En conséquence, les dispositions sont contraires à l’article 12 de la Déclaration des droits de l’Homme et du Citoyen.

. D’autre part, à considérer que certaines activités puissent être déléguées à des entreprises de sécurité privée, encore faut-il que le législateur organise le contrôle de ces dernières par l’autorité judiciaire.

En ce sens, des agents de sécurité privée peuvent être associés à des missions de police judiciaire, mais si et seulement si elles sont placées sous l’autorité d’un officier de police judiciaire, laquelle doit prendre des dispositions pour que soient continûment garantie l'effectivité du contrôle exercé sur ces personnes par les officiers de police judiciaire.

En l’état, le législateur a méconnu l’étendue de sa compétence en ne prévoyant pas que les sociétés privées soient placées de manière générale et par principe sous l’autorité d’un officier de police judiciaire.

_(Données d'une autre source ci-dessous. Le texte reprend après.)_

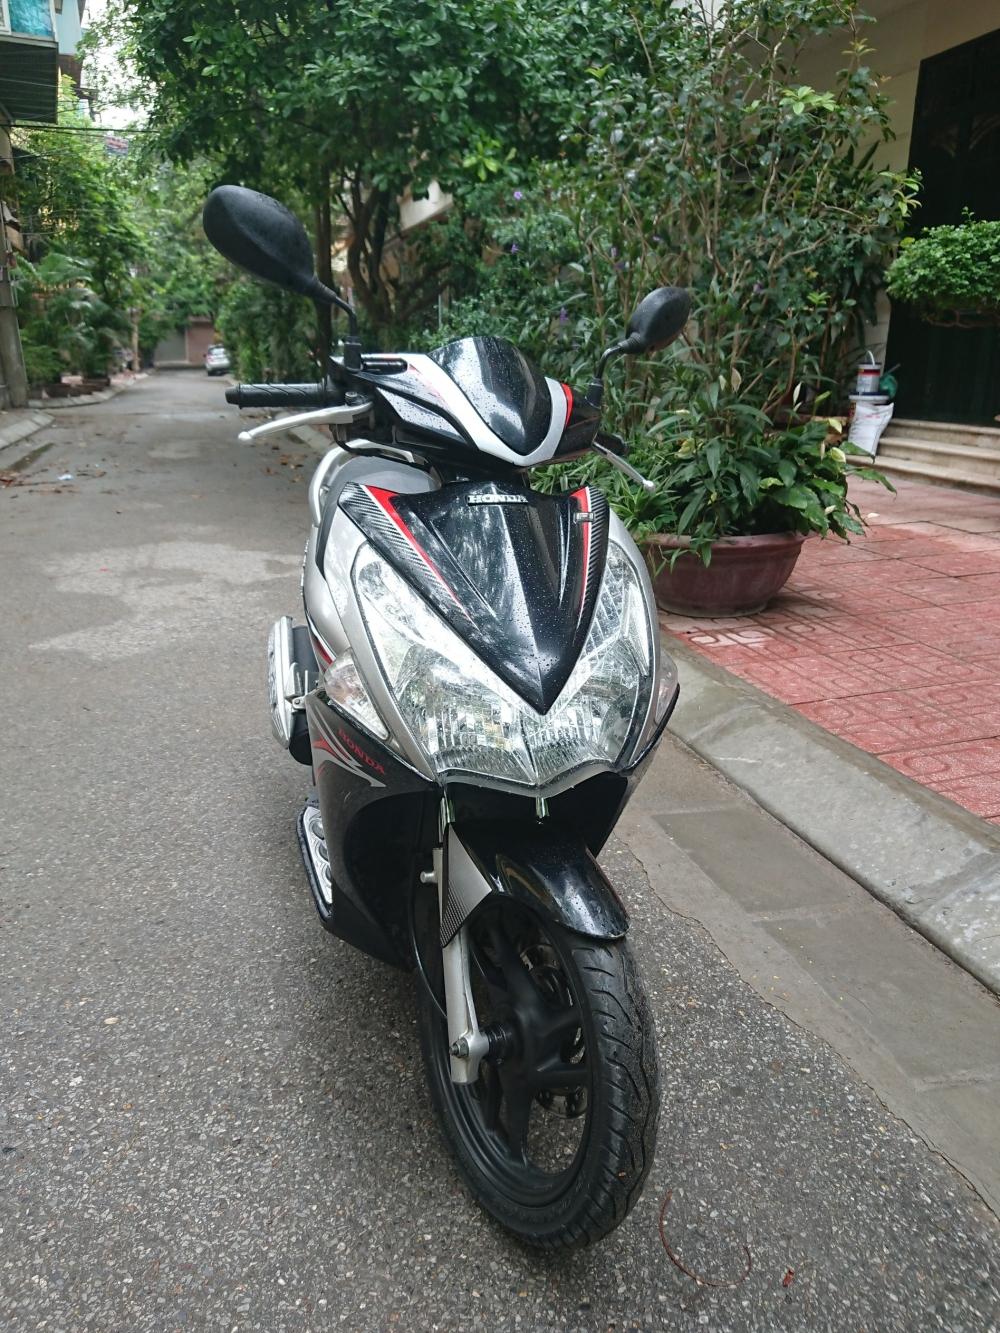 Can ban Honda Airblade fi 2012 chinh chu den bac con rat on dinh - 3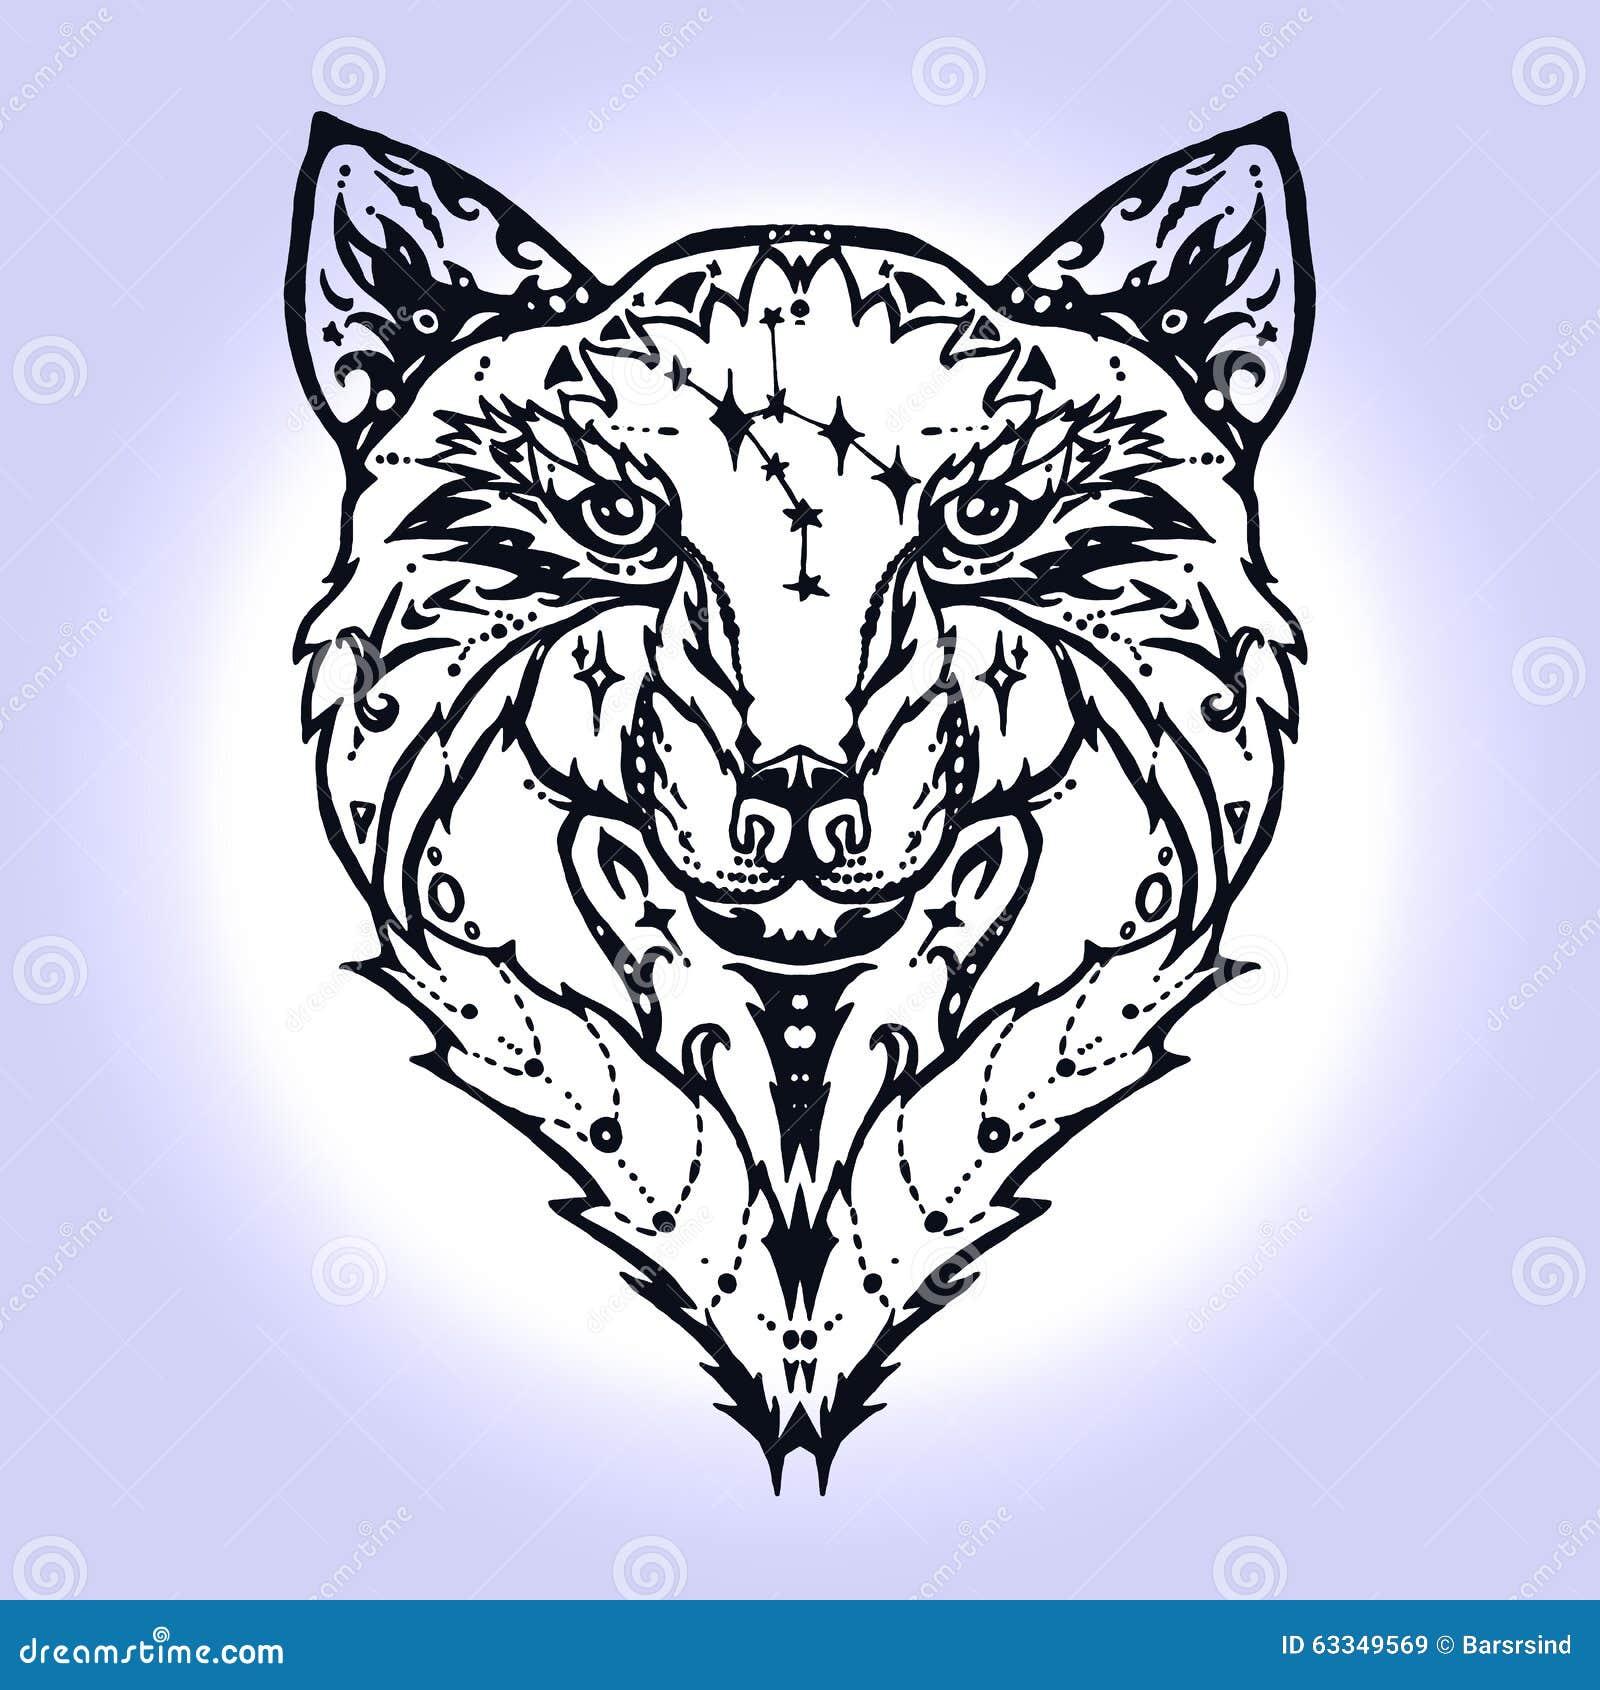 Line Art Wolf Tattoo: Wild Wolf Tattoo Stock Illustration. Illustration Of Boho

. Enfin, la proposition de loi prévoit de ne pas soumettre directement les entreprises de sécurité privée elles- mêmes au contrôle de la police judiciaire, mais du CNAPS – qui n’est pas une autorité administrative indépendante.

La proposition de loi prévoit, à l’article 8, d’accroître les pouvoirs du CNAPS, tout en limitant l’intervention du pouvoir judiciaire.

En effet, dans le cas où les agents du CNAPS constateraient une infraction commise par une entreprise de sécurité privée, la proposition de loi a seulement prévu qu’intervienne la police judiciaire dans le cas où l’auteur présumé de l’infraction refuserait ou se trouverait dans l’impossibilité de justifier de son identité.

Même dans ce dernier cas, le fait que ce soit l’agent du CNAPS qui « rende compte » de cette impossibilité, sans qu’il soit contraint de le faire, faute de contrôle préalable de l’officier de police judiciaire ou de mécanisme de sanction postérieur dans le cas où il contreviendrait à cette obligation, constitue un défaut de garantie. Le législateur n’a donc pas épuisé, non plus, sur ce point, sa compétence.

En conséquence, les dispositions sont contraires à l’article 12 de la Déclaration des droits de l’Homme et du Citoyen et à l’article 34 de la Constitution.

. Enfin, l’organisation de la sécurité privée sans contrôle de l’autorité judiciaire prive de garanties les citoyens quant à l’exercice de leur liberté individuelle.

En effet, le Conseil constitutionnel impose non seulement un encadrement par l’autorité judiciaire, mais encore que les modalités d’intervention de l’autorité judiciaire soient elles-mêmes adaptées en fonction des atteintes qui peuvent être portées à la liberté individuelle.

Le recours à des sociétés de sécurité privée rend impossible ces deux niveaux de garantie de la liberté individuelle.

En conséquence, les dispositions sont contraires à l’article 66 de la Constitution.